AI Multilingual Live Commentary and Subtitles for the World Cup (Whisper + Translation)

How do you turn one match's commentary into subtitles in dozens of languages in real time? Breaking down the ASR + translation + timeline-alignment pipeline

AI Multilingual Live Commentary and Subtitles for the World Cup

The World Cup is watched by billions worldwide, yet official commentary usually covers only a handful of languages. A Brazilian fan wants Portuguese commentary; a Japanese fan wants Japanese subtitles — exactly the gap AI speech technology can fill. This guide breaks down how to build a "commentary audio → multilingual real-time subtitles" pipeline, and where the real engineering challenges lie.

First, the pipeline has three stages: speech recognition (ASR) → machine translation → timeline-aligned rendering. Sounds straightforward, but each stage has traps in the "real-time + sports" setting.

Stage 1: Speech recognition (ASR)

Turning the commentator's voice into text — Whisper is the most reliable open-source choice. Its multilingual ability is strong, and it ships with a translation mode.

python
import whisper
model = whisper.load_model("large-v3")
Whisper recognizes and segments directly, returning timestamped segments
result = model.transcribe("commentary.wav", language="pt")  # Portuguese commentary
for seg in result["segments"]:
    print(f"[{seg['start']:.1f}-{seg['end']:.1f}] {seg['text']}")

But World Cup commentary is hell-mode for ASR, for several reasons:

Huge background noise: the roar of tens of thousands of fans sits on top of the commentary, terrible signal-to-noise. The moment of a goal, when the commentator shouts and the stadium erupts, is exactly when you most need accuracy and least can get it.

Fast, emotional speech: commentators rattle off names machine-gun style, with heavy slurring and elision.

Tons of proper nouns: player names, team names, tactical terms — many aren't in the general vocabulary, and Whisper tends to mis-recognize them as similar-sounding common words.

In practice, denoising preprocessing + feeding Whisper a prompt (stuffing the match's roster into initial_prompt) noticeably improves accuracy.
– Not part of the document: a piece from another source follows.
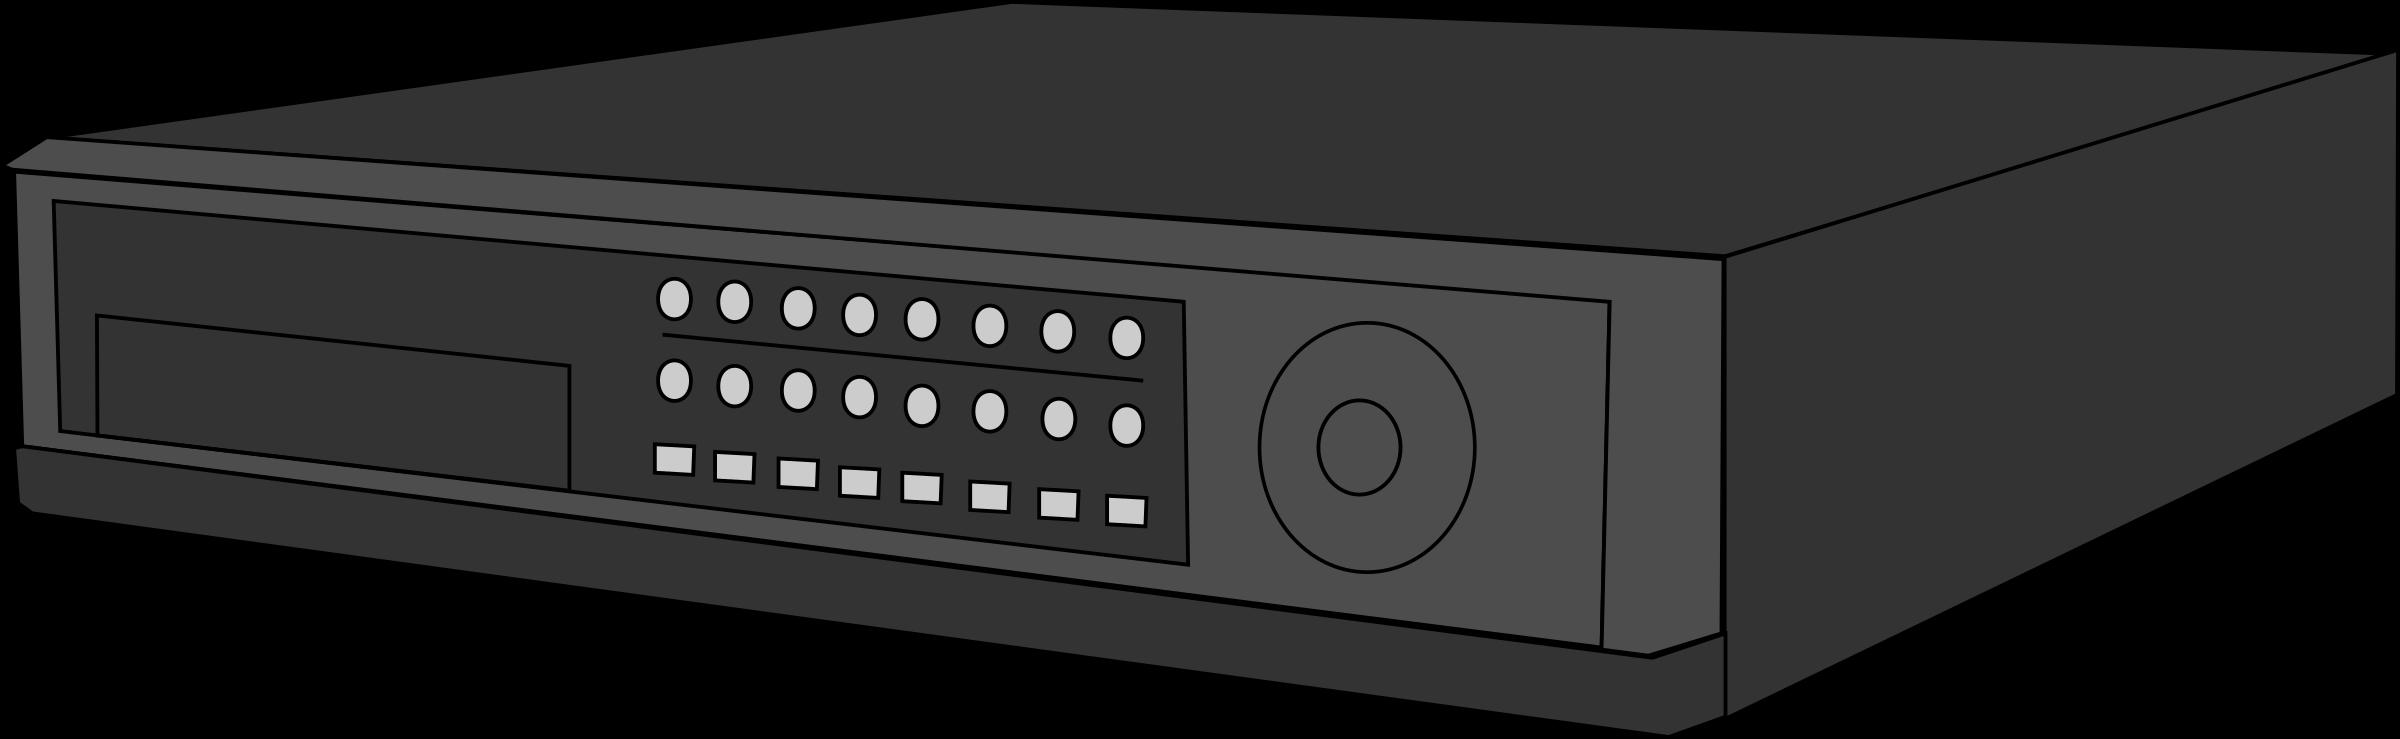 video recording device
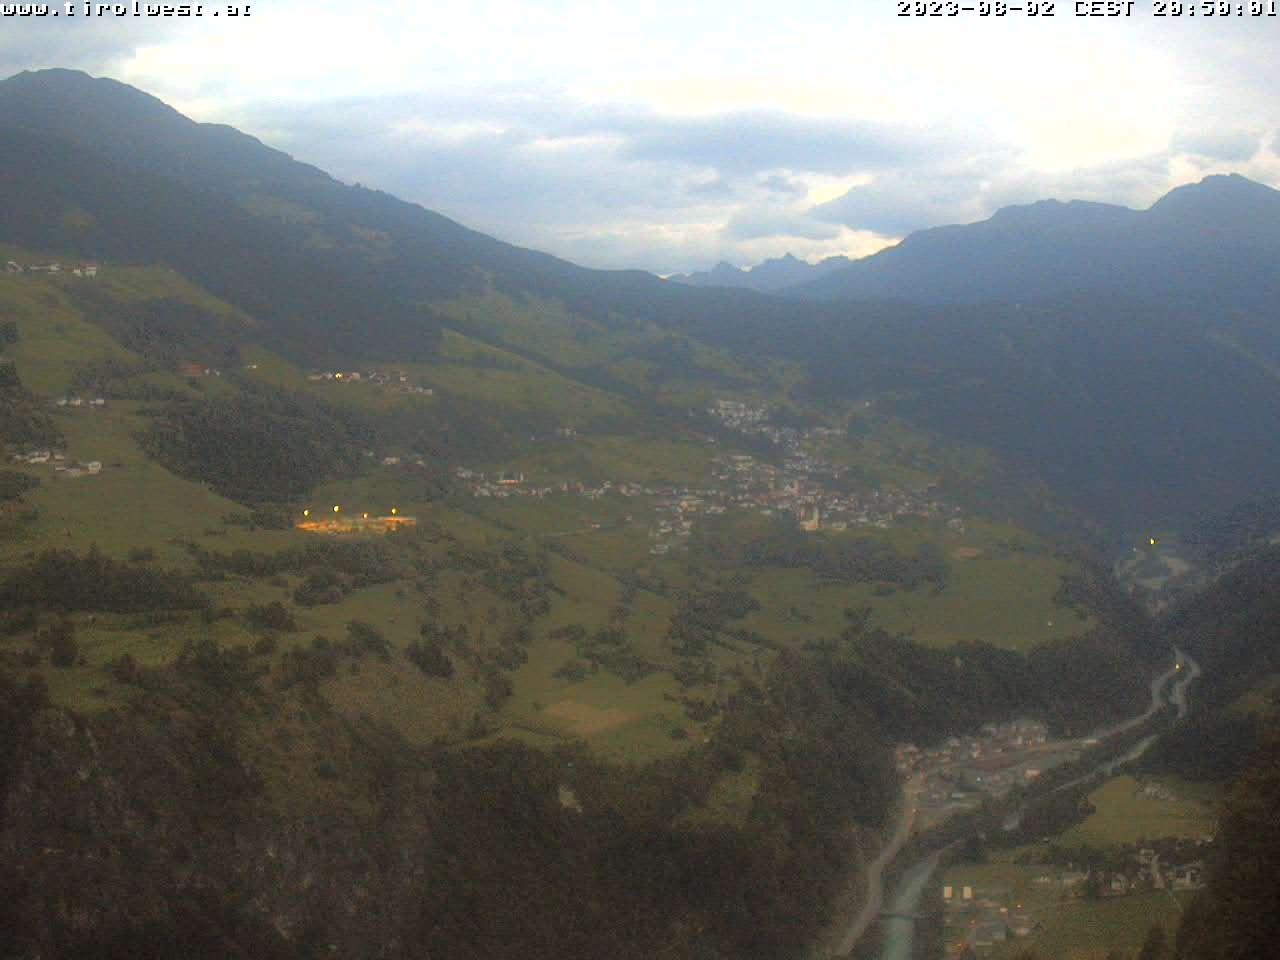 Webcam Hochgallmigg Richtung Fließ (c) TVB Tirol West/Gasthof Alpenrose

For full Whisper API usage, see OpenAI Whisper API speech-to-text; for in-depth multilingual recognition, see multilingual ASR.

Stage 2: Real-time is the biggest constraint

Offline subtitling is easy; the hard part is "real-time." In a live setting you can't wait for a full segment before processing — you have to produce text as you listen. This requires streaming processing:

Slice the audio into small windows (say 2-5 seconds), feeding them rolling to the model.

But too fine and you lose context, cutting sentences in half; too long and latency climbs. It's a trade-off.

A common approach is a sliding window with overlap: leave a little overlap between adjacent windows to avoid dropping words at the boundary, then dedupe and stitch.

python
Core idea of streaming: sliding window + overlap
WINDOW = 5.0   # seconds
OVERLAP = 1.0  # seconds of overlap, to prevent sentences being cut off
Production uses faster-whisper or WhisperLive, purpose-built streaming implementations

Budget your latency: ASR a few hundred ms + translation a few hundred ms + rendering — keep total latency within 2-3 seconds for viewers to accept it. Beyond that, subtitles drift out of sync with the picture. For more on real-time transcription, see real-time AI transcription.

Stage 3: Translation — sports terminology is key

The recognized text must be translated into the target language. General translation models often produce embarrassing literal translations of sports commentary:

"He scored a brace" translated literally into another language can become a nonsensical sentence — these are football idioms with fixed renderings.

"Offside," "free kick," "penalty shootout" all have established translations in each language and can't be translated word-for-word.

Player nicknames and localized monikers need a dedicated glossary even more.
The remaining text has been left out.